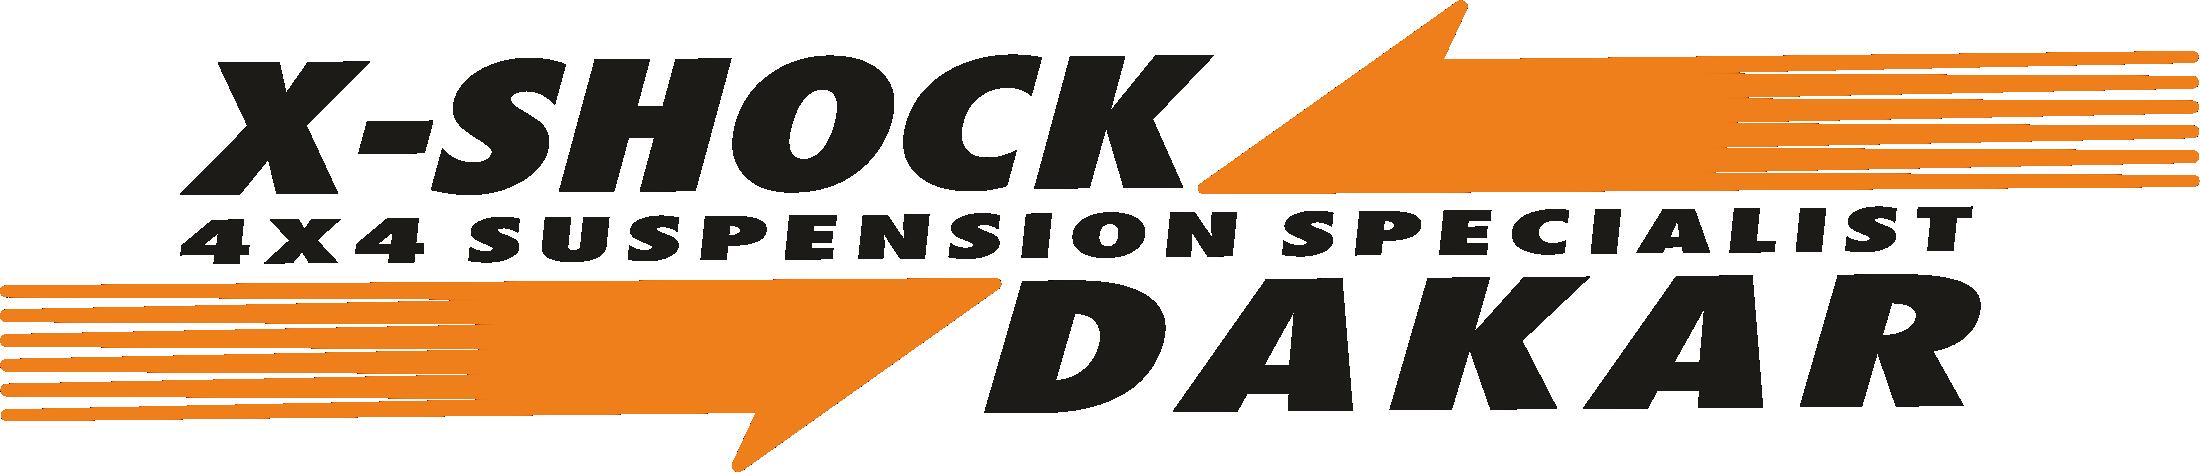 Xshock Dakar
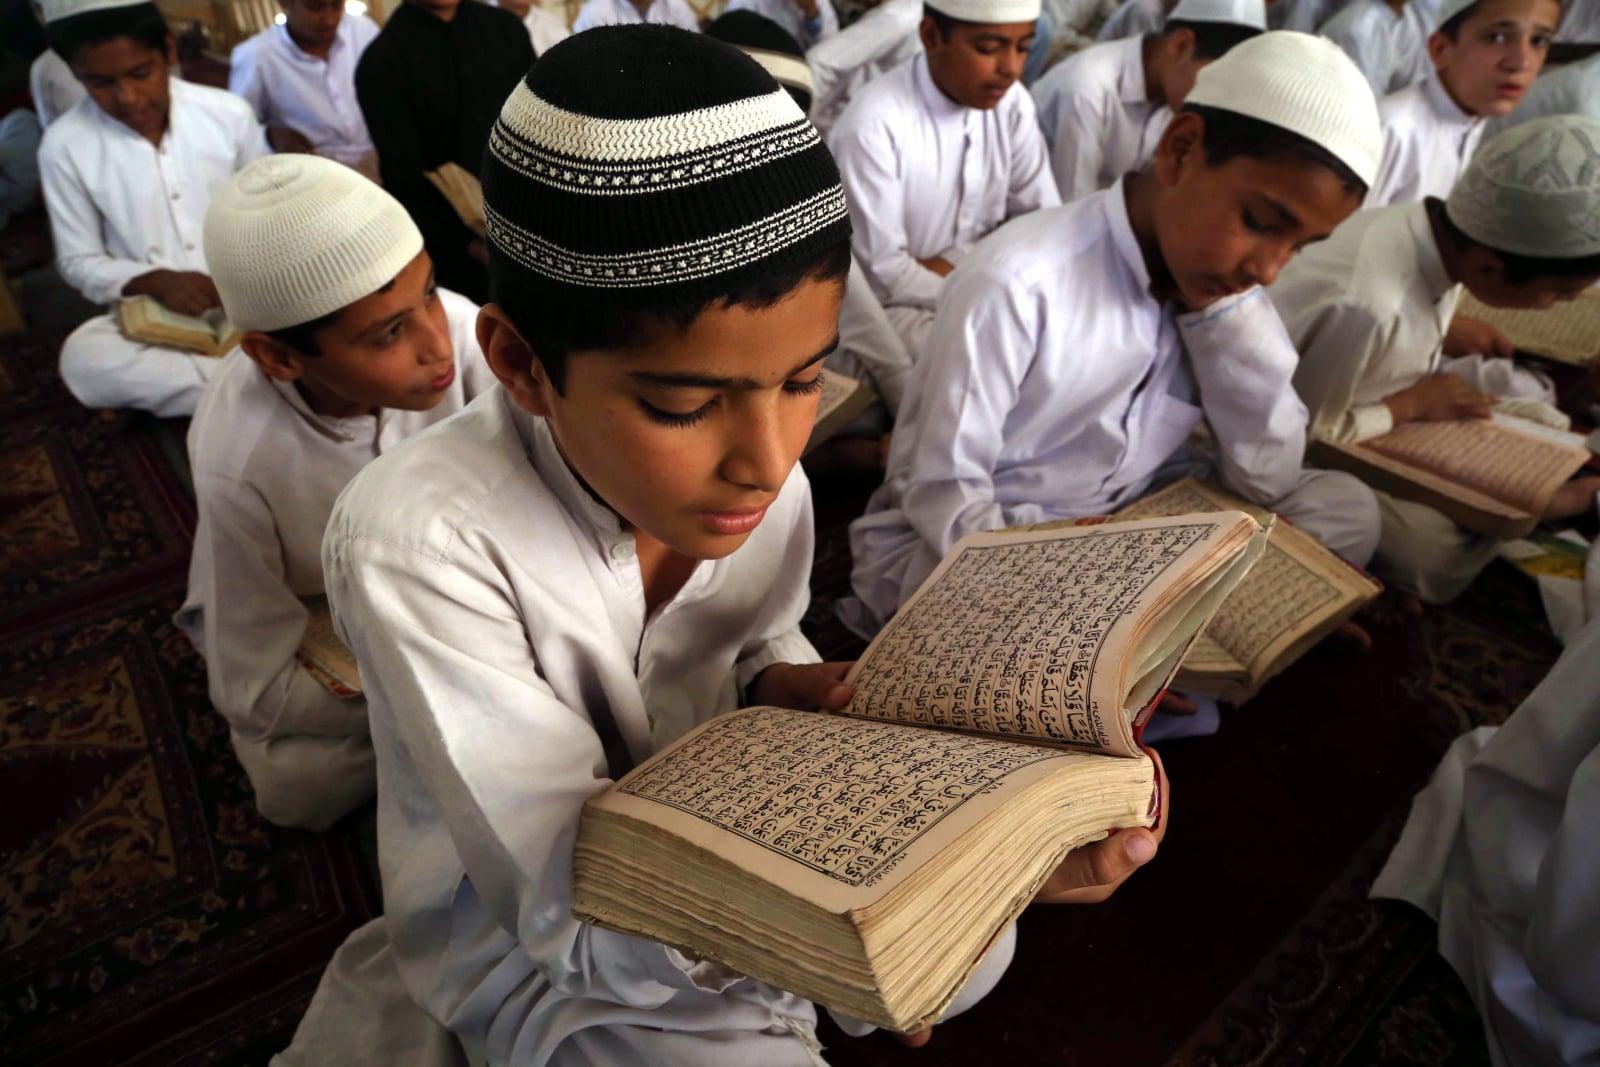 Muzułmanie w Afganistanie  EPA/GHULAMULLAH HABIBI
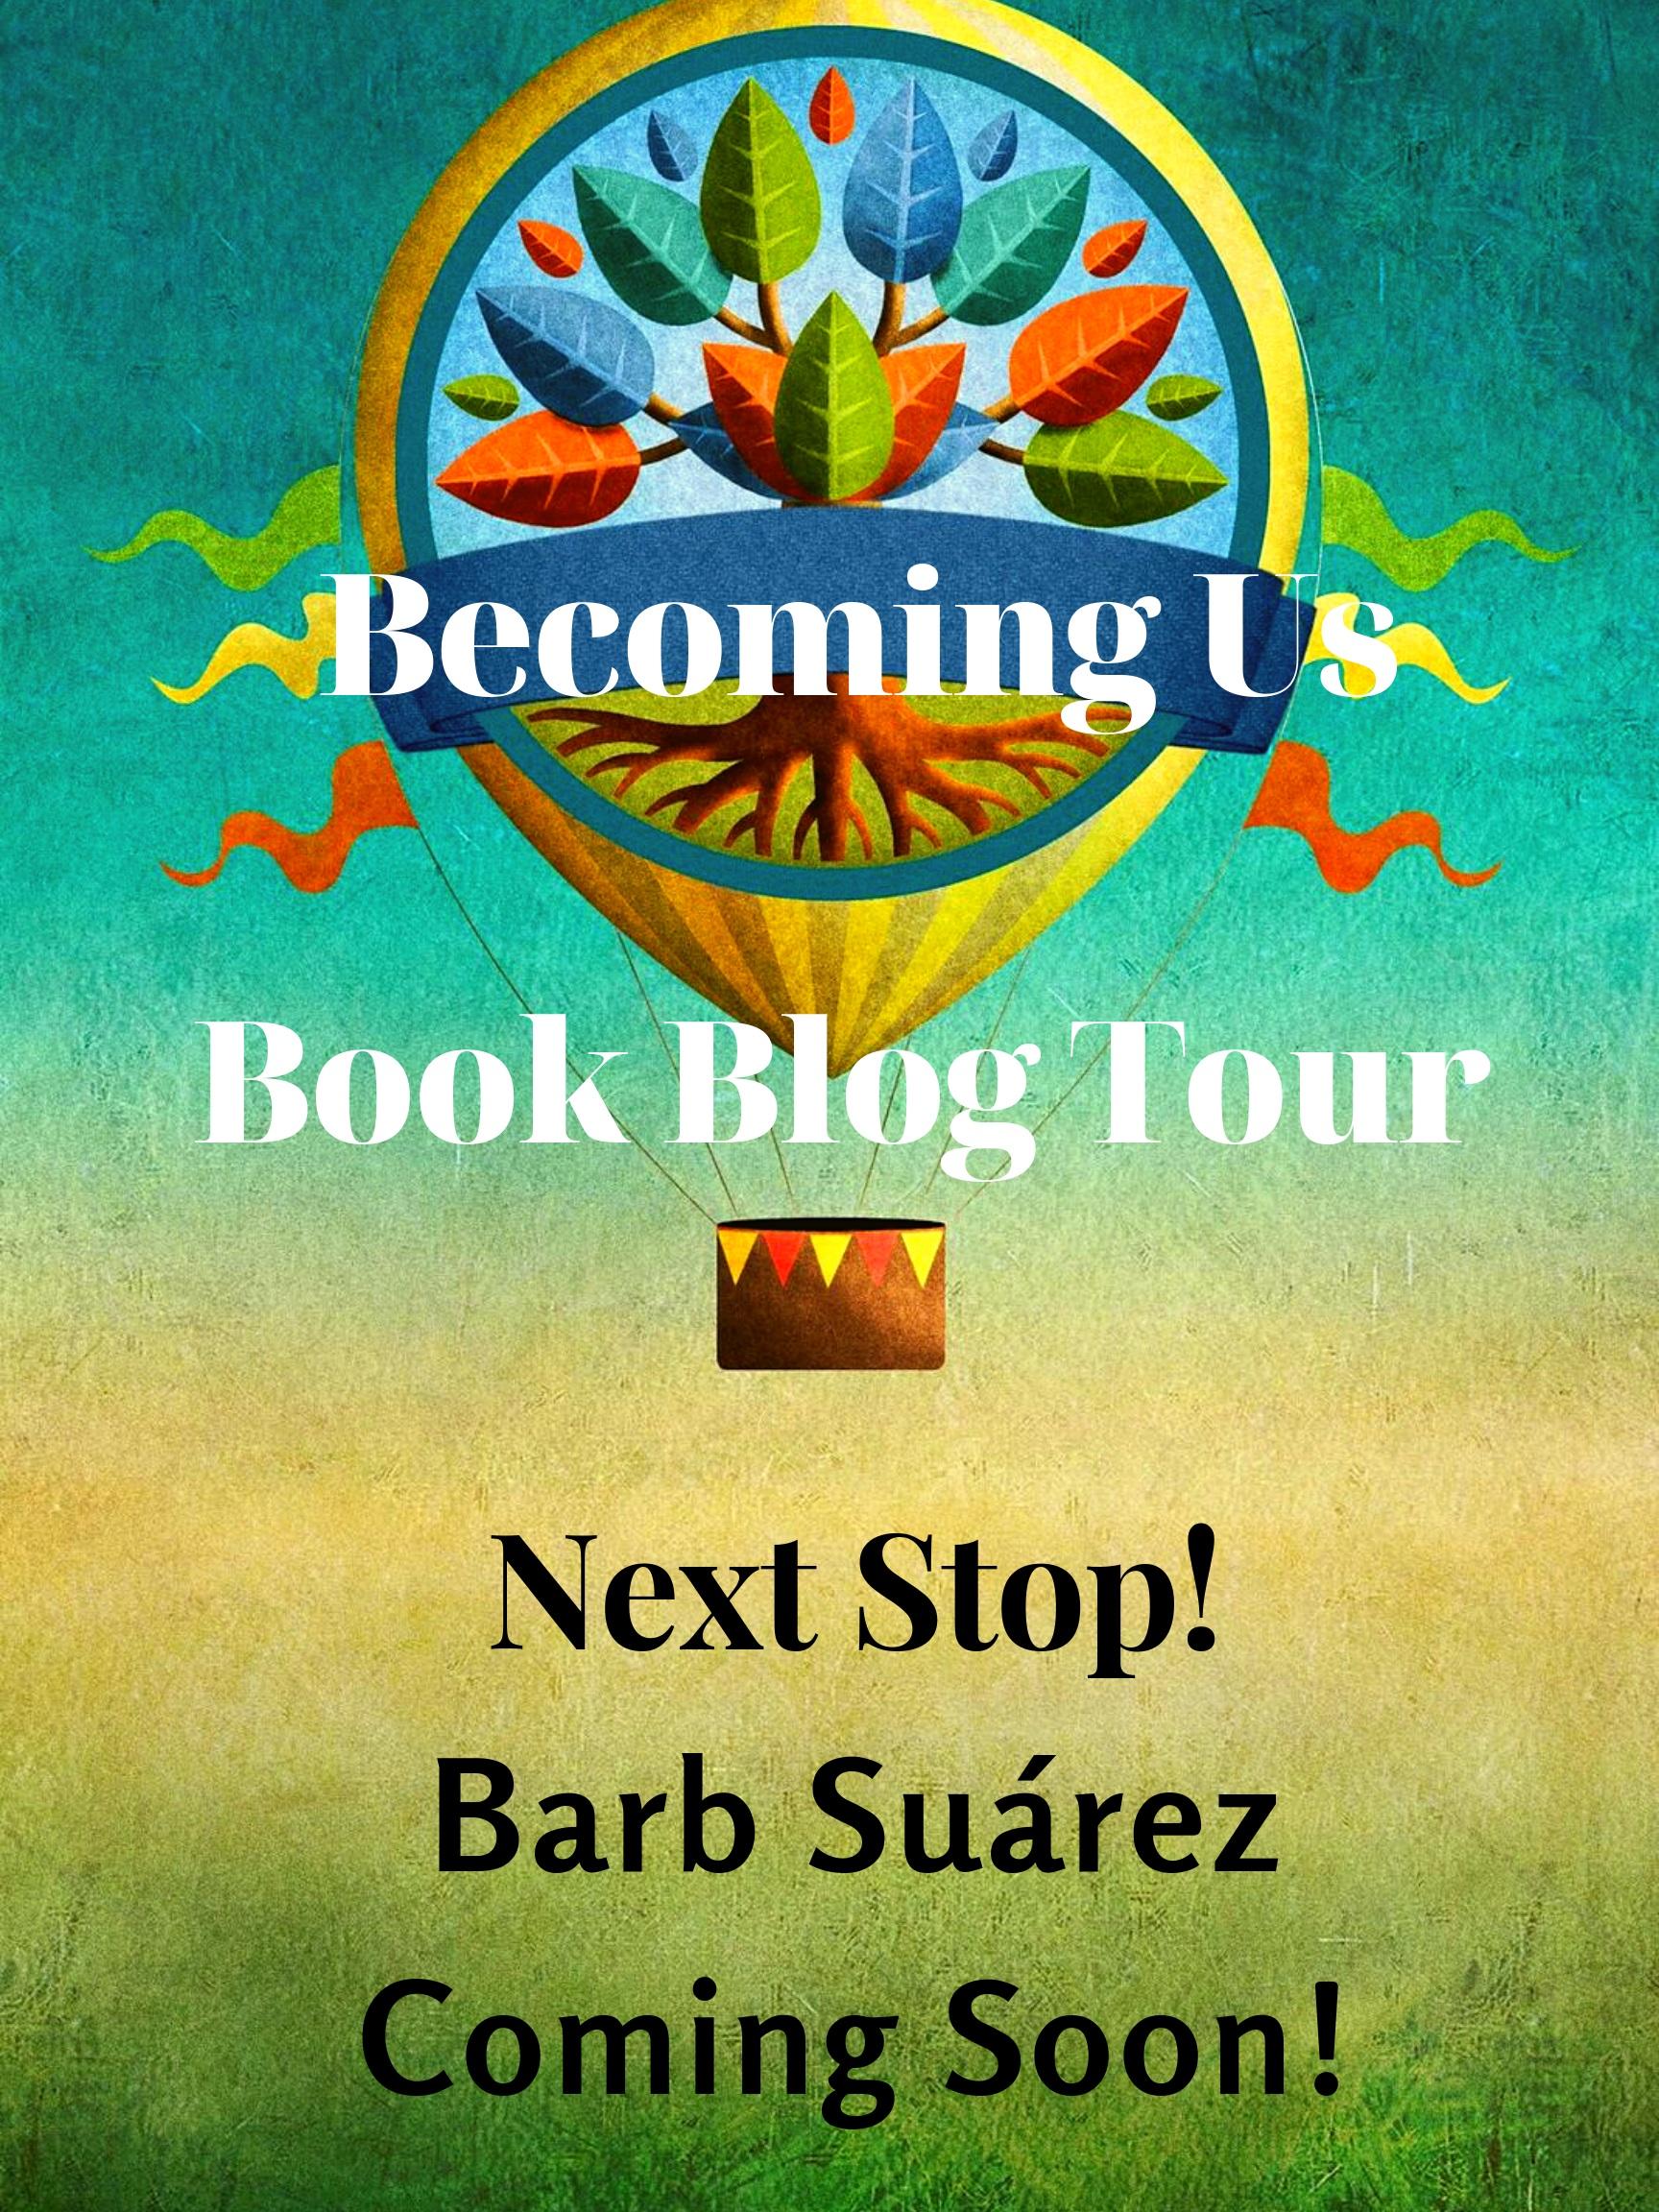 Becoming+Us+Blog+Tour+-+Barb.jpg

- - - - -

_What to produce:_ The copy must match the listing above exactly but contain no pictures.

_Task solution:_
 Xshock Dakar
 Muzułmanie w Afganistanie  EPA/GHULAMULLAH HABIBI
 Becoming+Us+Blog+Tour+-+Barb.jpg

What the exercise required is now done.